Этот вопрос меня застал врасплох. Я действительно не знал, почему Начальник Первого Отдела не встретил господина Хефера в троллейбусе. Может быть, он и в троллейбусе не ездит, а могли быть и другие причины.

- "Партбюро разберется" – буркнул Лаврентьев.

Аудиенция была закончена.

Умные люди объяснили мне, что каждый выезжающий за границу в командировку должен написать отчет, где должны быть перечислены все, с кем он беседовал на работе, и после нее. Немец оказался, как положено, пунктуальным.

И вот, наконец, состоялось партбюро, где мне должны были утвердить характеристику. Половина членов парткома меня хорошо знали, пересекались по работе. Зачитывать мою стандартную положительную характеристику поручили одному из присутствующих, председательствовал Секретарь Партбюро (все тот же "Лаврентий Палыч"). Дальше начался спектакль. Зачитывался фрагмент из характеристики, следом немедленно шел комментарий Лаврентьева. Выглядело это так.
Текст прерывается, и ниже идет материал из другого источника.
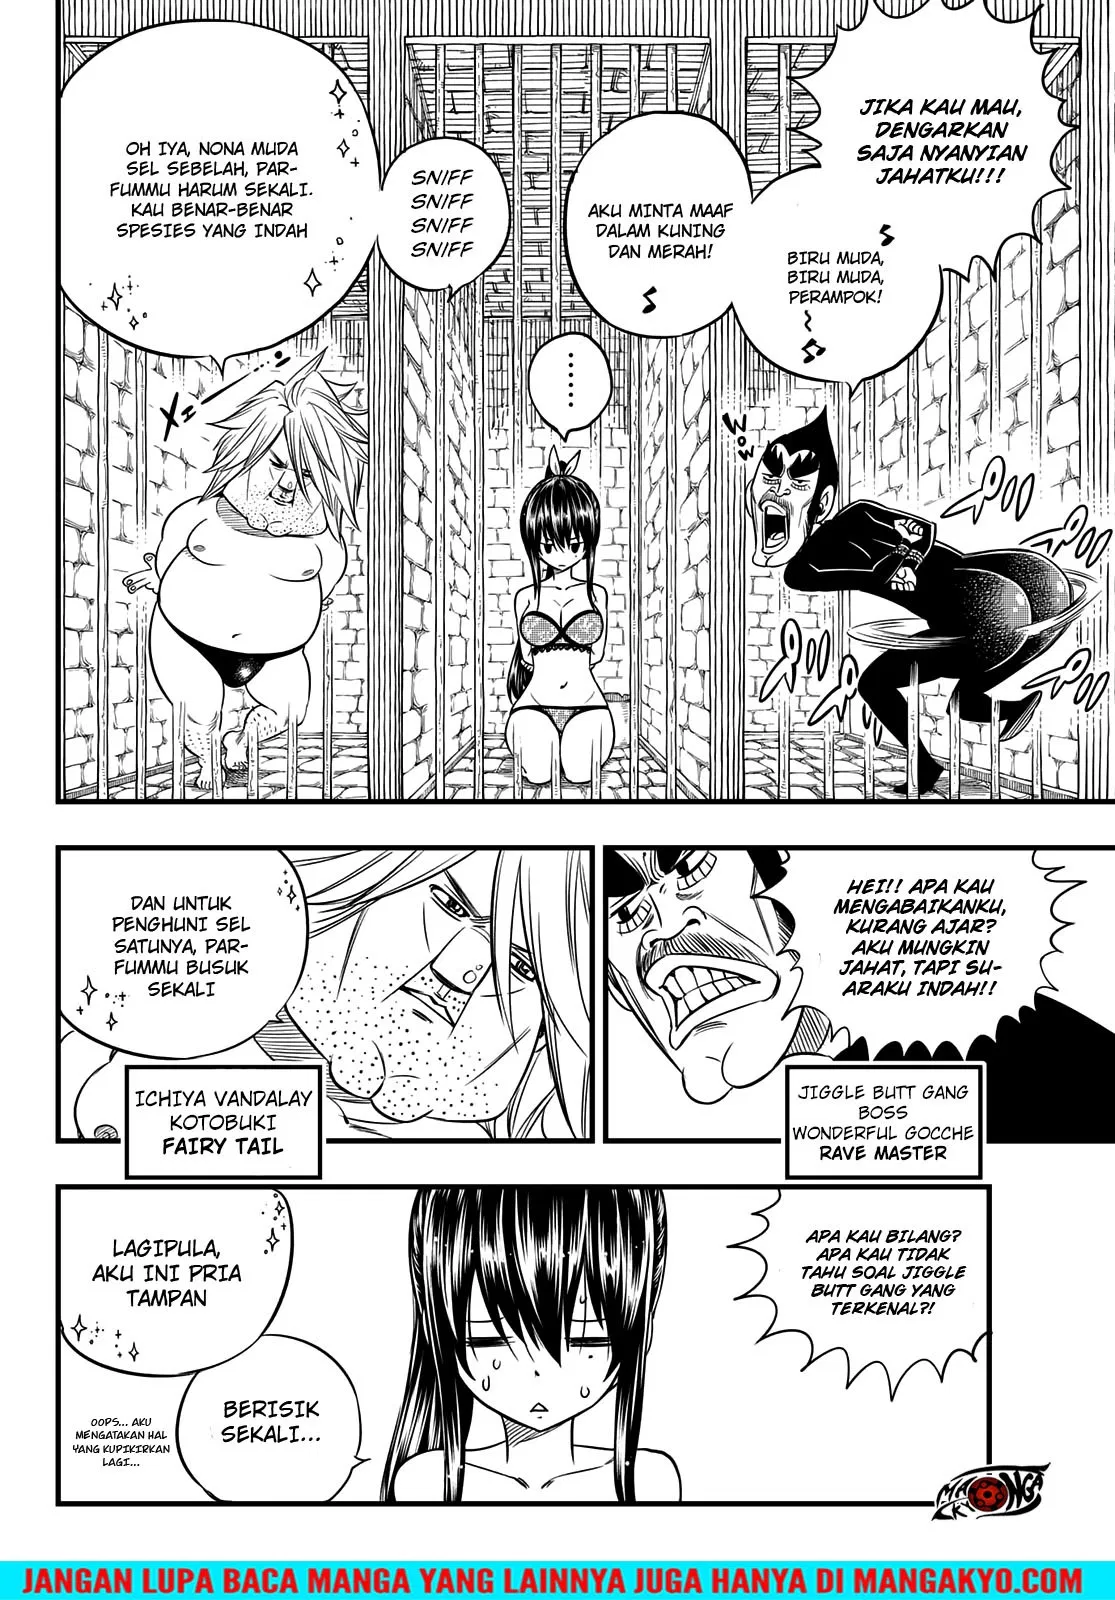 Mashima HERO’S Chapter 02

- "Активно участвует в общественной работе".

- "Что-то не замечали".

- "Охотно участвует в спортивных мероприятиях организации".
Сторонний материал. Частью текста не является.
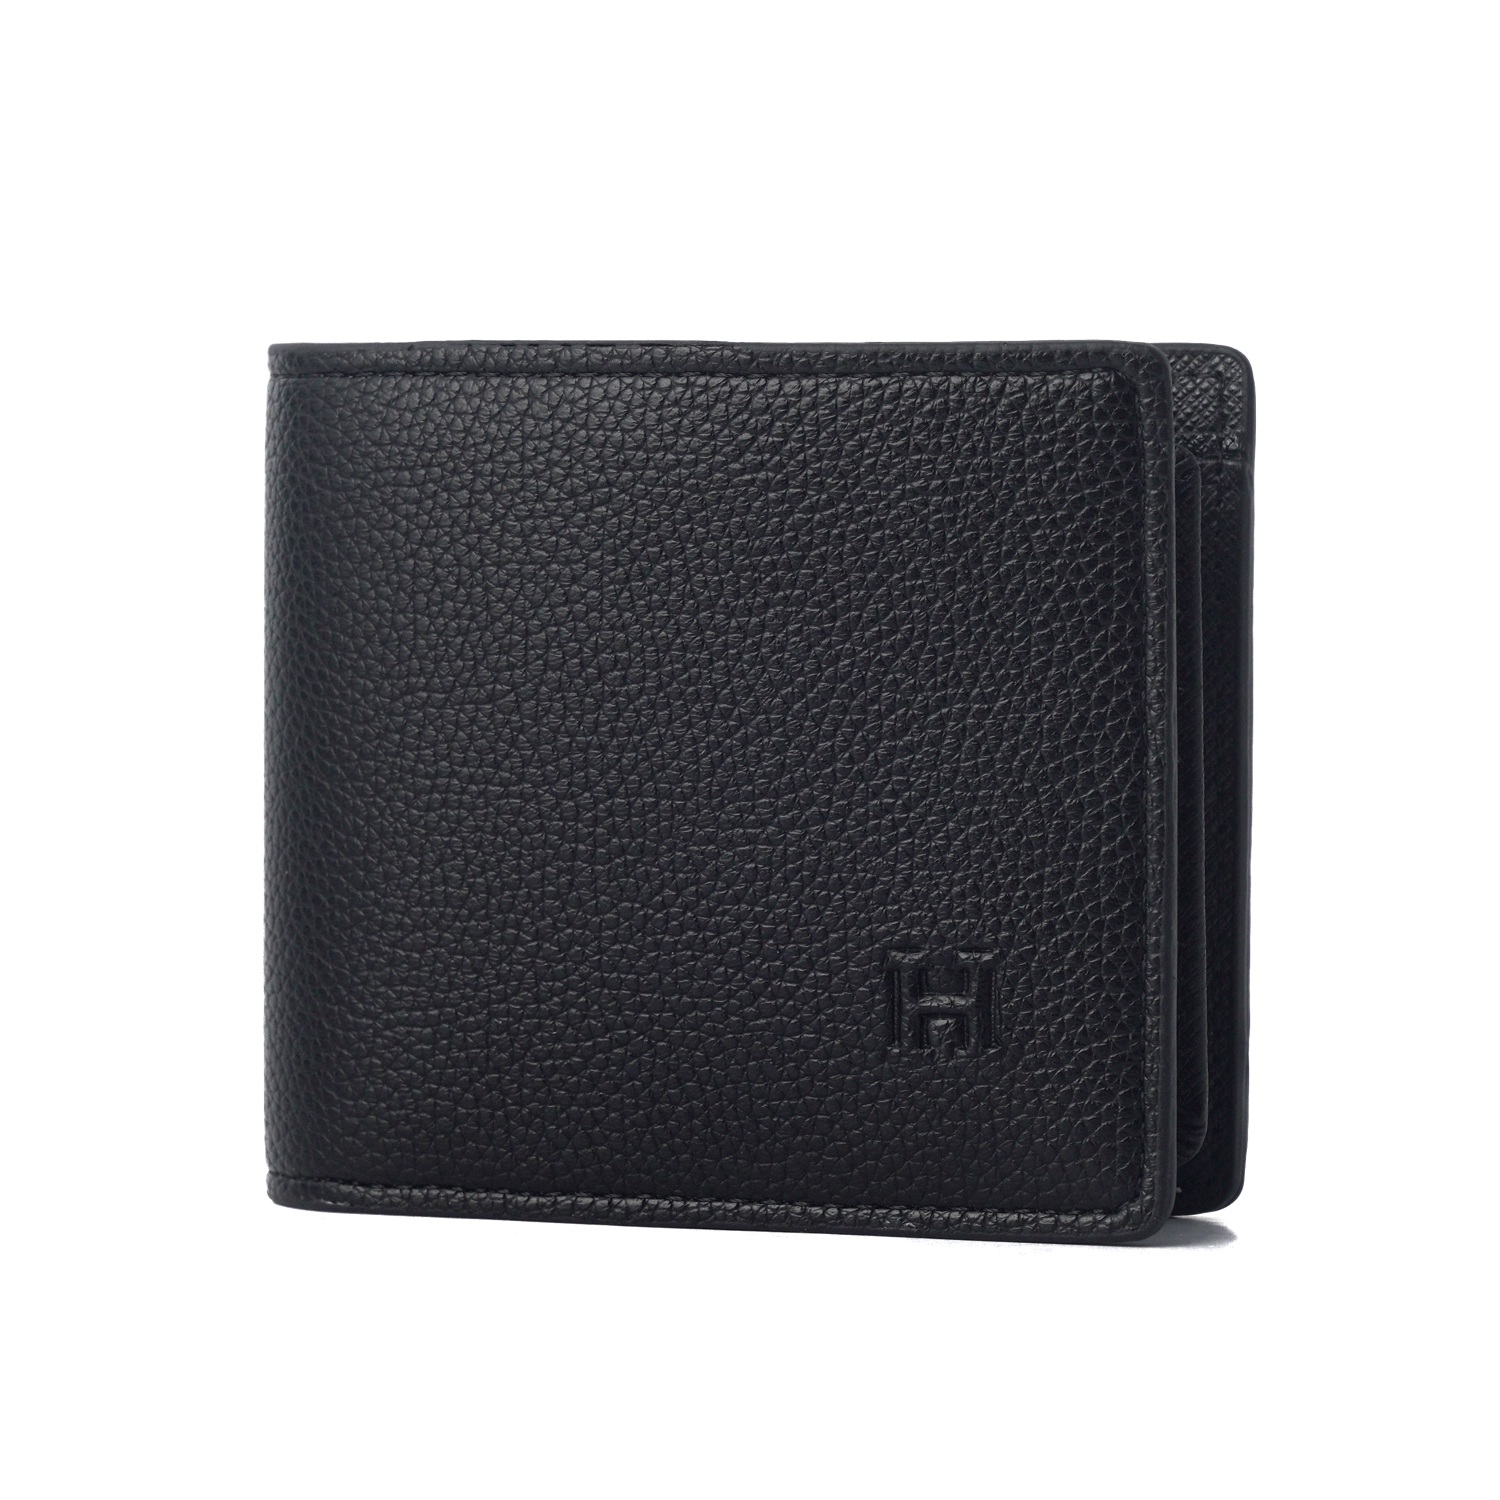 TOKOKOE - Dompet Pria Bahan Kulit Premium Import - H Togo Leather Black

В те дни пресса сообщила об очередном обострении на израильско-арабской границе, поэтому комментарий был актуален:

- "Небось предпочитает стрельбу".

И так далее по всему тексту.

К концу чтения я почувствовал, что меня уже можно отдавать под суд.

Дальше пошли личные вопросы.

- "Откуда Вы знаете Монику Циммеринг?"

- "Приезжал немецкий студенческий хор, меня призвали помочь с переводом, там и познакомились".

Лаврентьев не терпящим возражения тоном комментирует:

- "Это случайное знакомство".

Тут и я подал голос (не знаю, как осмелился):

- "А Вы с женой познакомились случайно или старшие партийные товарищи порекомендовали?"

Ответа я не удосужился.

Дальше было открытое голосование. Большинством голосов мне отказали. За меня проголосовал только Германов – необычайно честный человек, исключение в своем роде. Единственный, кто не испугался перечить "Лаврентий Палычу". Остальные холуи из тех, кто меня хорошо знал, после партбюро подходили ко мне извиняться, но и то не все. С Первым Отделом никто не хотел связываться.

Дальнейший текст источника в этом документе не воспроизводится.